# Maintenance Fees PLUS taxes in Florida



## Kelso (Oct 3, 2009)

Why is it in Florida the property taxes are separate? Is it true that the total yearly cost for mf + taxes for a timeshare in Florida is generally higher because of the property taxes for timeshares in Florida? 

I would like to know this to see if it is worthwhile to buy another timeshare in Florida since we love to travel there so much in the winter.


----------



## AKE (Oct 3, 2009)

I don't know why the taxes are independent of the maintenance fees but I am curious as to why you want to buy another week instead of just using LAST CALL (or even just the EXTRA VACATIONS) on RCI?  Unless you are looking to go at Xmas/New Years, there is always availability somewhere in Florida at prices less than maintenance fees.


----------



## vacationhopeful (Oct 3, 2009)

Not all the resorts in Florida have a separately invoiced tax payment.  It is listed separately on maintenance fee statements to allow owners to deduct off their income taxes.  (this is not intended to be any form of tax advice).

As to buying, I prefer not having to travel the state of Florida to checkin to a resort that was available to rent for that week.  I own a couple of fixed weeks and treat them as a second home.  It is nice only having to figure out the cable stations and unpacking the luggage just once.  

And as the babyboomers continue to age, there will be MORE snowbirds looking for the Florida winter weeks.  Plus, I prefer SEEING the ocean while I am on vacation.  I also like the action of the tourist area, too.  It works for me.


----------



## chriskre (Oct 3, 2009)

Kelso,
I own 6 timeshares in Florida.  The taxes run me anywhere from $65 to $99 a week.  I pay them all together with my maintenance fees.  I don't get any extra bills.  I own a DVC, VVParkway, 2 Enchanted Isle Hollywood, FLBR Ft. Laud. and now Tuscany in Orlando.  I know there is alot of talk about the taxes but my maintenance fees don't seem excessively high to me.  As for winter availability on last calls, I think you might have difficulty getting beach front units on last call but can probably get Orlando.


----------



## theo (Oct 4, 2009)

*Timing is everything...*



Kelso said:


> Why is it in Florida the property taxes are separate? Is it true that the total yearly cost for mf + taxes for a timeshare in Florida is generally higher because of the property taxes for timeshares in Florida?

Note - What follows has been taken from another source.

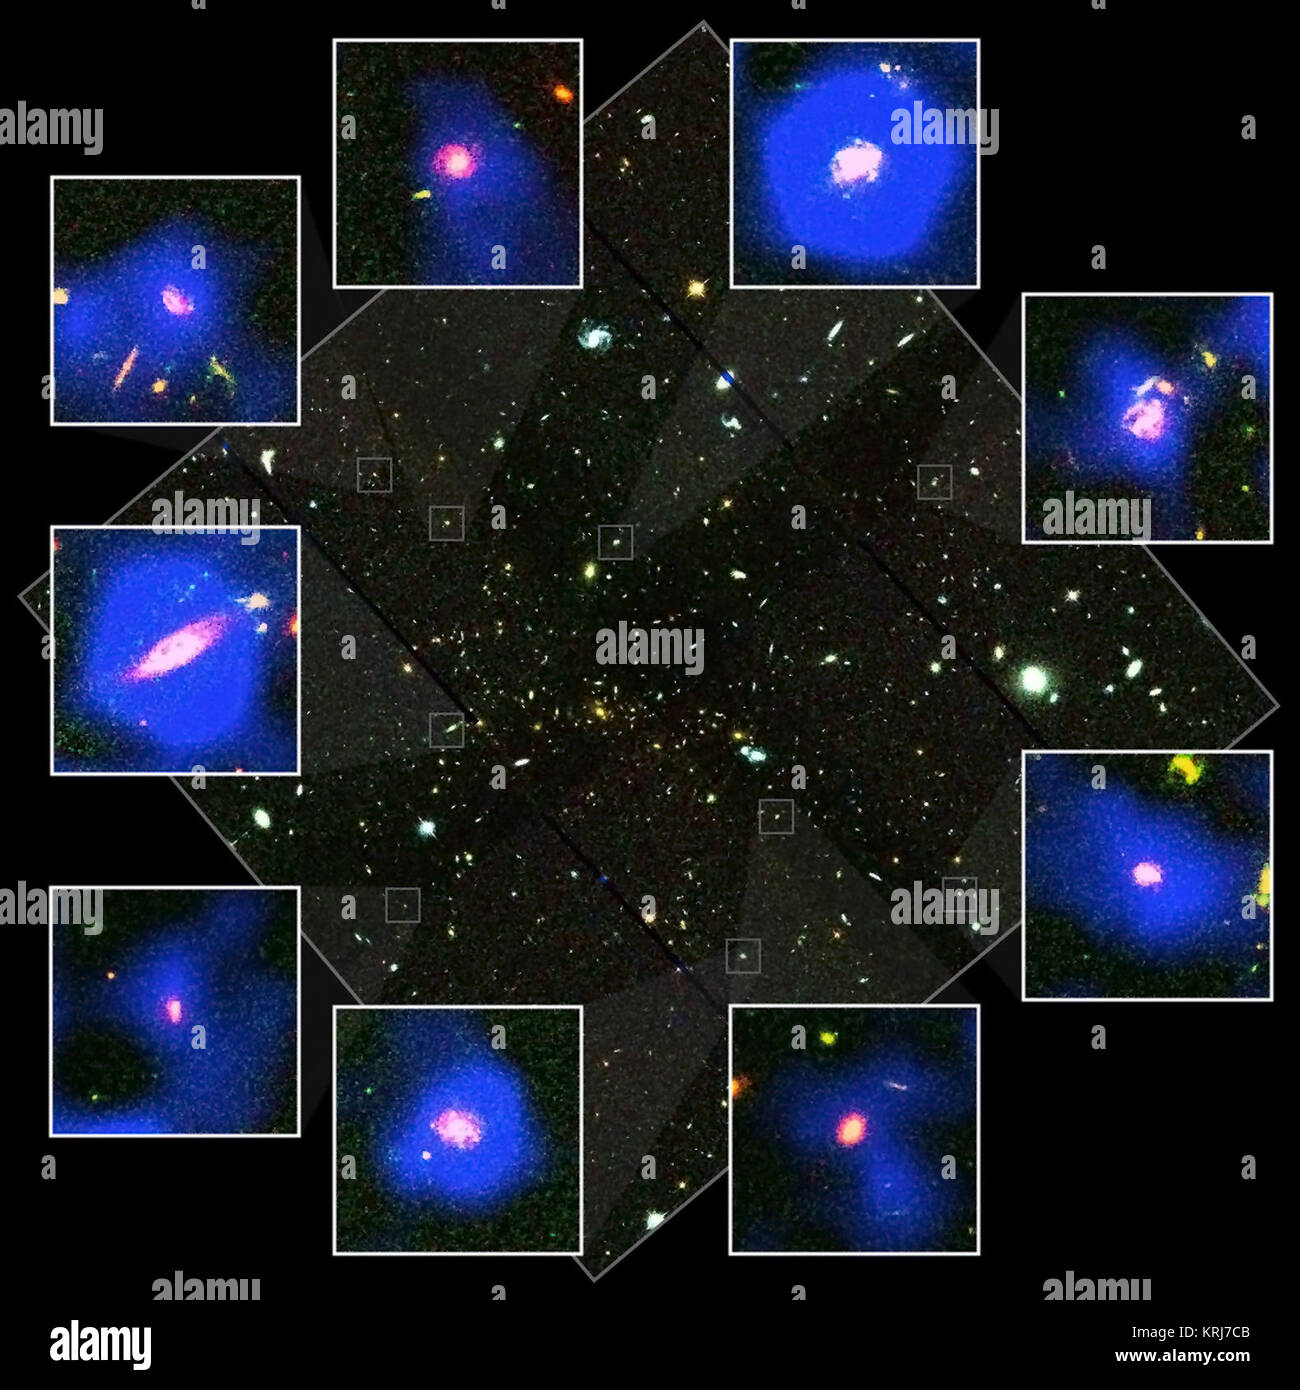 Eine Hubble Space Telescope Snapshot von Galaxienhaufen MS 1054 ist in der Mitte des Bildes, mit einzelnen Galaxien durch das Spitzer Space Telescope beschmutzt werden an der Seite in die markierten Bilder. Fetzen von Blau zeigen Infrarot-Emission bei der Entstehung von Sternen. Collage von Hubble und Spitzer Bilder von Galaxienhaufen MS 1054 Stockfoto

Whether or not FL property taxes are actually billed separately (instead of as a line item within the annual maintenance fee bill) is a practice which, in my experience, varies by individual FL resort. 

Florida overall is a bit strange in their practice of billing property taxes "in arrears", meaning that the bill at the end of the year is actually for the year which has already gone by. Maybe too much much time in the sun, I dunno...  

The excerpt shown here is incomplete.